Por: Roberto Celis Santa Cruz. Es 24 de diciembre, víspera de navidad, dicen que es fecha de amor, de entendimiento, y que los hombres, especialmente los niños reciben trineos mágicos cargados de toneladas de juguetes de cariño, de regalos que les mitigan el frío de la soledad, les cicatrizan las heridas del abandono y la indiferencia, les llenan el estómago del hambre de la miseria, la explotación y el dolor.
Soy Juan, un ser que recién está empezando a andar la vida, a la cual según dicen llegué por amor; pero como pago a tan enorme milagro hoy bebo el vino amargo de mi existencia, a la cual no pedí llegar, ni por curiosidad, mucho menos por amor, sin embargo, aquí estoy, mirando la vida con ojos jóvenes, pero ancianos de tanto mirar el dolor.
La gente pasa, corre, entra, sale, cargada de paquetes, presentes, adornos, luces, oropeles, como pavos reales ostentando hipocresía y ficción, porque cada minuto que pasa entre tantas compras mundanas tienen vacíos los bolsillos como su corazón.
Yo también llegué al mundo, según me manifiestan tan esperado como el nacimiento de Belén, para llenar la alegría y salvar la tristeza, dar fe y sentido al mundo de mis padres, convertir la existencia de una Eva y un Adán, en un Edén colmado de Pan, de abrigo, de protección, en el cual jamás se suscite el abandono y el amor se entregue en sublime comunión de lealtad y fidelidad.
Sin embargo, estoy viviendo hoy en esta víspera de Navidad el infierno más abrasador y lacerante, cuyo resquemor de sufrimiento, exuda dolor por las cicatrices de mi alma; soy un ser partido por la mitad, al cual se le ha arrancado la media parte de su cuerpo y de su existencia, y sin embargo como una suerte de tormento interminable, camina todavía, recorriendo los ásperos senderos de virulencia existencial, en la que ya no hay lagrimas para llorar, ideales para crecer, corazón para amar ni odiar, porque todo, hasta yo mismo, no somos nada.
¡Que falta comprar el arbolito, el carrito de Pepe, las luces, el regalo para la abuela, el chocolate, el sazonador, la lamparita y el despertador! ¡La gente como robots locos programados en una misma sincronización, transitan exhaustos, estresados, frenéticos, en un tráfago alucinante de consumismo estremecedor!
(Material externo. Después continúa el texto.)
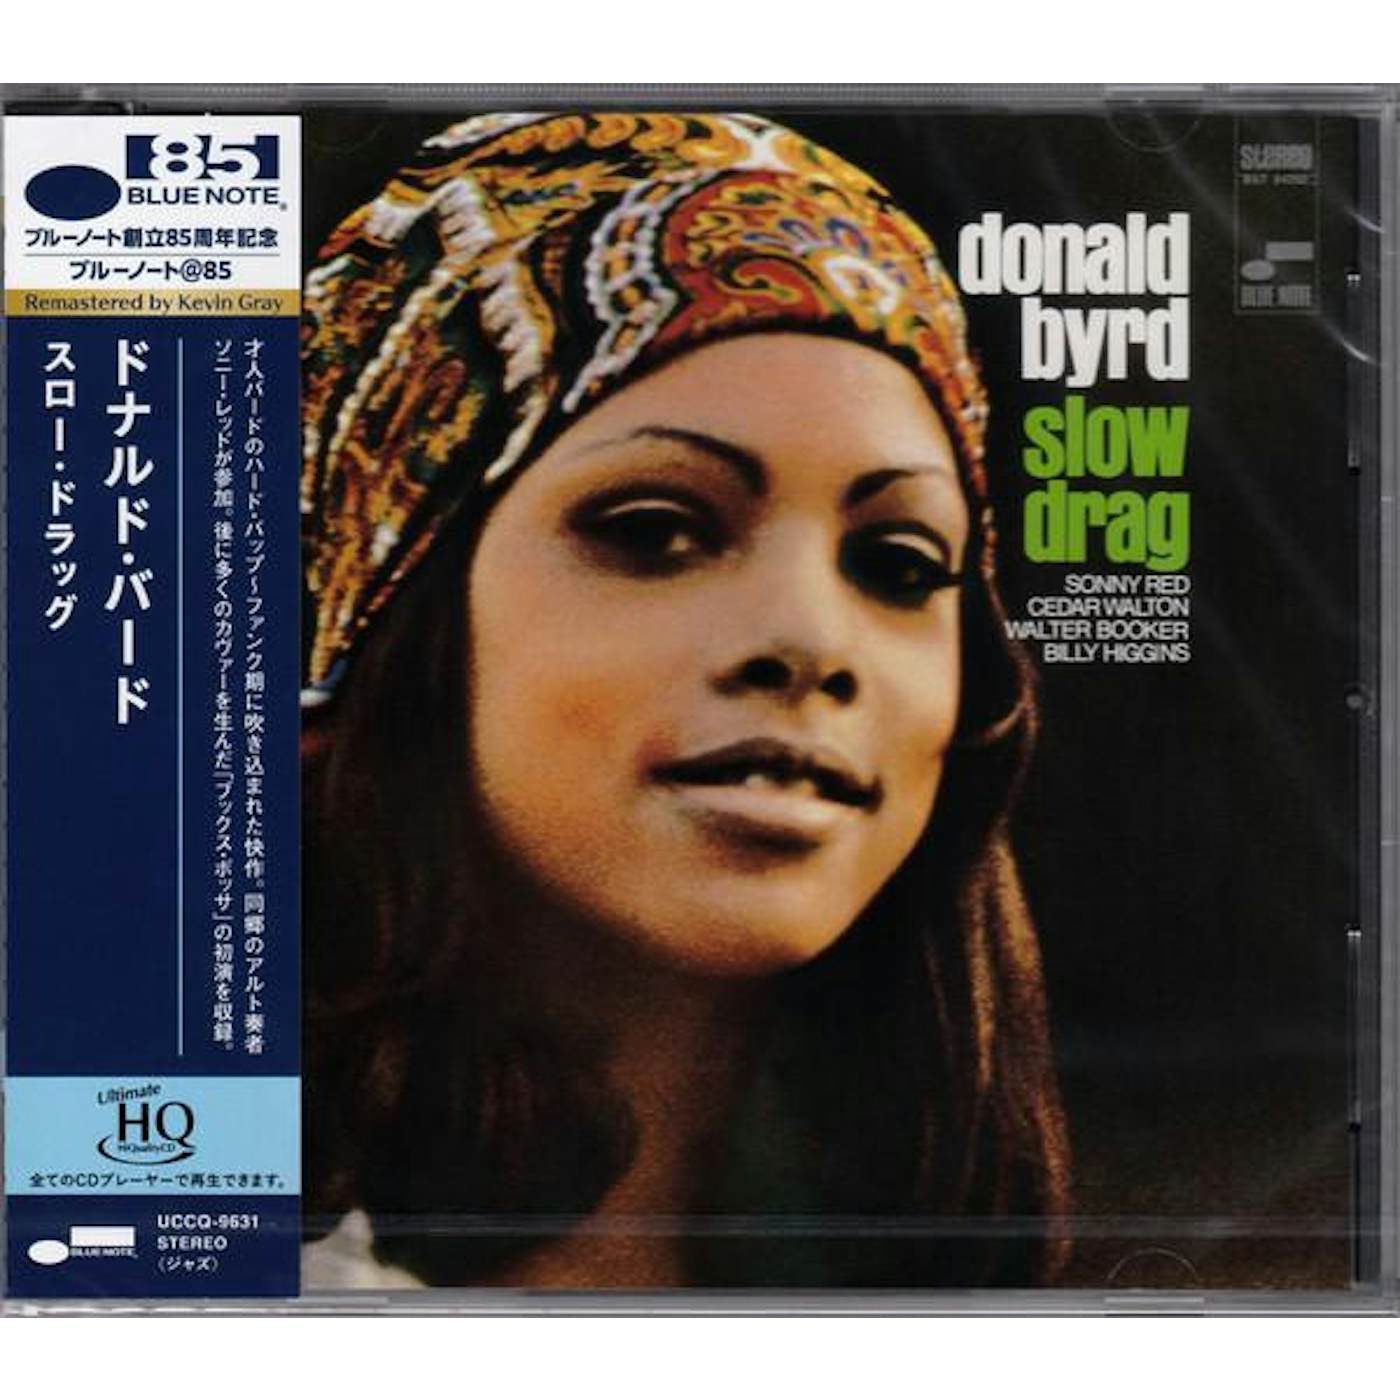 Donald Byrd SLOW DRAG (UHQCD) (BLUE NOTE 85TH ANNIVERSARY EDITION/REMASTERED BY KEVIN GRAY) CD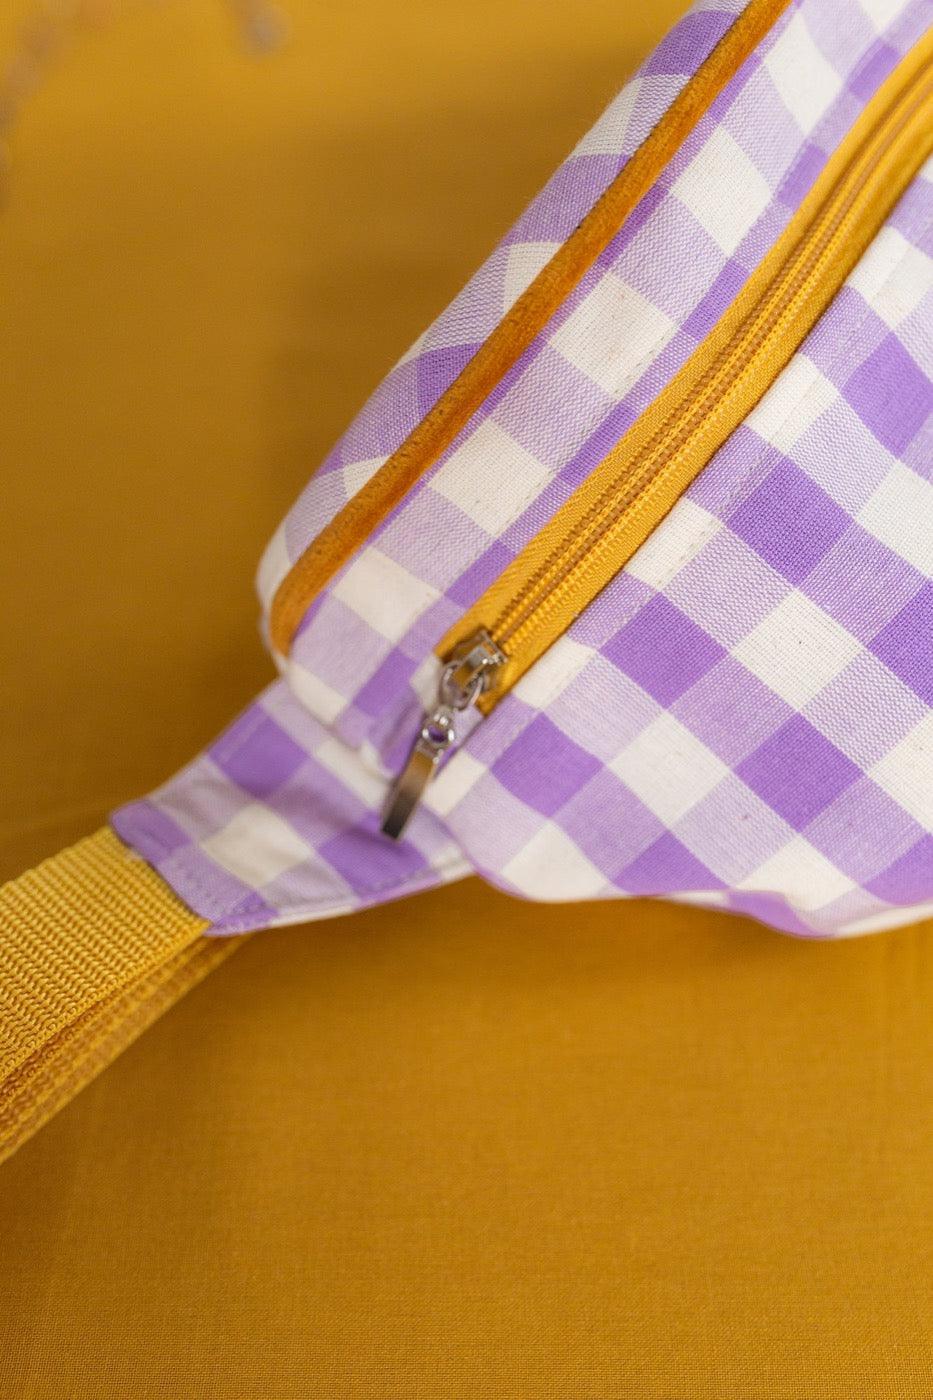 Hip Pack City | Fanny Pack | Gingham | Lilac - www.bettyshome.com

Tanto negocio, tanto ajetreo, tanto protocolo, tanta máscara, tanto autómata simulador y yo me pregunto lacerado ¿Dónde está el verdadero amor? Si lo que más amaba ya no está conmigo, lo que es parte de mi vida, fácilmente se alejó ¿Acaso su corazón será tan duro que no siente la herida que me causó.
Miro el reloj de esfera negra como mi vida, que impávido mira el tiempo en la torre del viejo templo, el que me indica que faltan 10 minutos para las doce, despreocupadamente saco las manos del bolsillo, me encamino displicentemente a mi hogar, entre un mar humano que hace lo mismo.
Seguramente mi padre, sereno, moderado y pensativo me estará esperando, mirando constantemente a la puerta, esperando que se abra y que yo aparezca, cuando lo haga, sus ojos cansados por el tiempo de ver tanto el mundo y las cosas, brillarán contentos a través de sus gruesos anteojos, gruesos como su experiencia, su intelecto y los callos que le ha dejado el amor.
Seguramente en la mesa- aunque humilde- habrán cosas propias de la ocasión, el chocolate calientito como el horno de su corazón, rosquillas, algún quesito y el oloroso panetón. Después del abrazo, nos sentaremos a la mesa, empezando la cena de noche buena; miraré con disimulo, mi padre hará lo mismo, al vacío rincón donde un día ocupaba lo que yo como él tanto quería, el sitio estará vacío, como el silencio, como la comunicación, trataremos los dos de retener una lágrima rebelde que el alma nos taladre, mi padre dirá para sus adentros «¡Que mala mujer!» y yo tendré este año Una Navidad con Panetón pero sin MADRE.